The world’s major central banks have been engaging in competitive devaluation, amounting to desperate grabs for bigger shares of a barely-growing global economic pie. Yet, deflationary forces continue to be transmitted through trade, with most economies experiencing a degree of export price deflation matched only during the Global Financial Crisis.

Given the effect of currency movements on inflation in individual economies, it is instructive to examine year-over-year CPI growth in the Group of Seven (G7) economies as a whole. As the chart shows, core CPI inflation in the G7 economies is hovering around 1½%, as headline CPI inflation remains near zero. Said another way, G7 core inflation is closer to the low of 1.1% seen after the 2001 recession than its cycle highs of 2% in the immediate vicinity of the 2001 and 2007-09 recessions.



The chart demonstrates the truism, “recession kills inflation.” It shows G7 core inflation falling for years after the 1981-82, 1990-91, and 2001 recessions in the U.S., and for more than a year after the Great Recession of 2007-09. Most of these economic downturns also amounted to global recessions.
 
With G7 core inflation already so low, it is clear that none of the major central banks are in a position to start a rate hike cycle anytime soon. Thus, they are effectively shackled to the zero lower bound for the foreseeable future.

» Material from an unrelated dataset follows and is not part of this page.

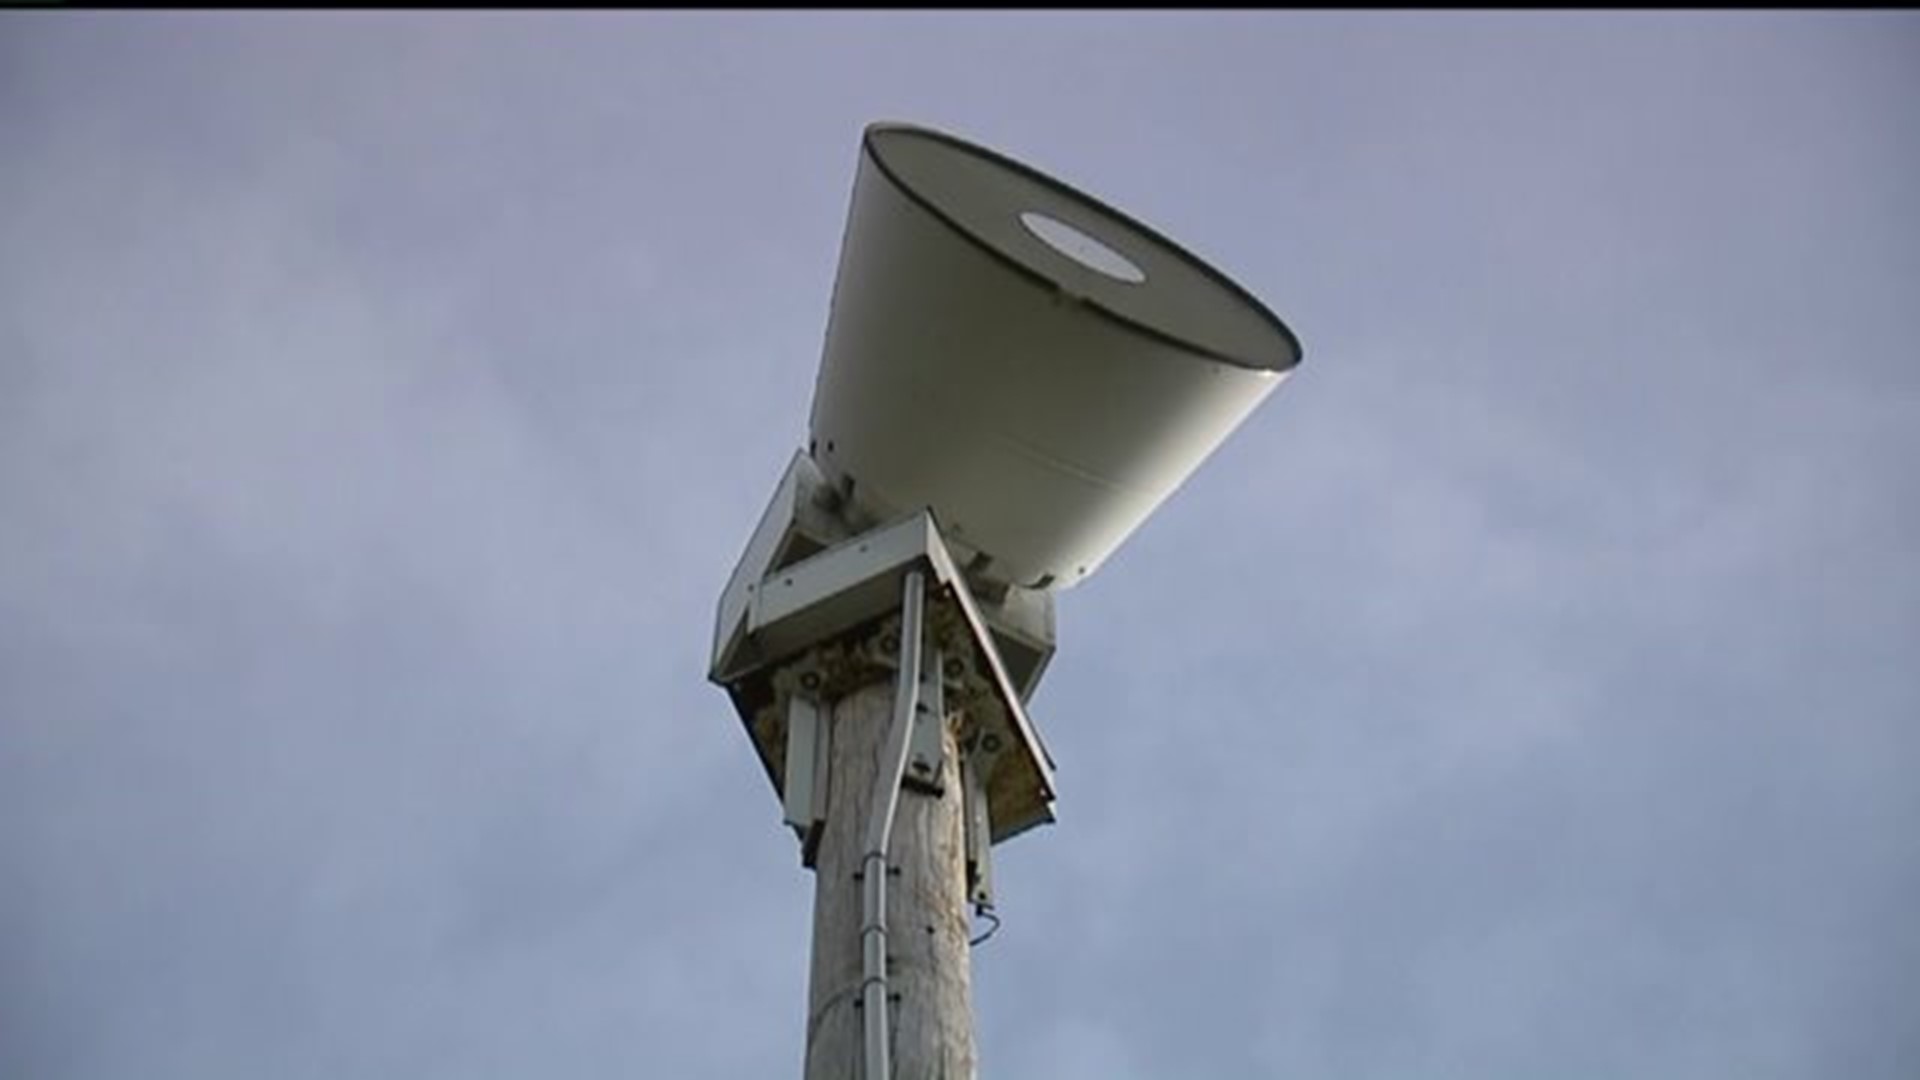 The drill was a part of Severe Weather Awareness Week in the state.
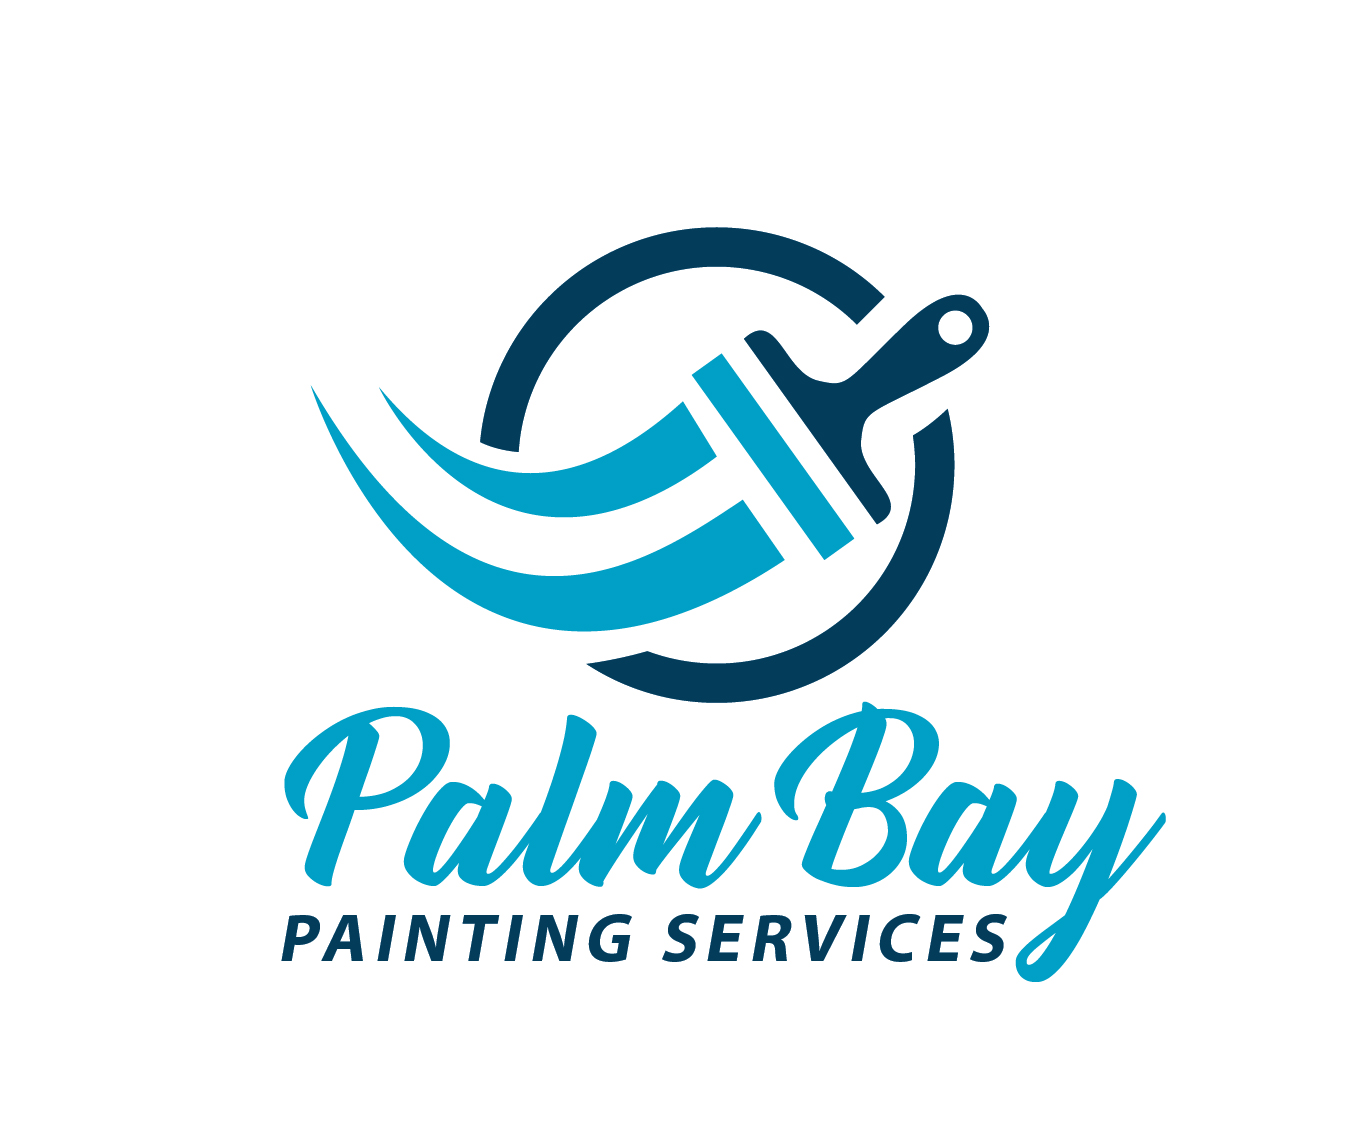 Palm Bay Painting Services's Logo

Meanwhile, global growth is already slowing, with the U.S. having spent 2015 in a growth rate cycle downturn that we flagged nearly a year ago, and looking ahead, global growth is slated to slow for the foreseeable future. So, even though a U.S. recession is not yet at hand, a 2016 recession could push down already-low G7 CPI growth into deflationary territory – at a time when the world’s central banks are out of ammunition.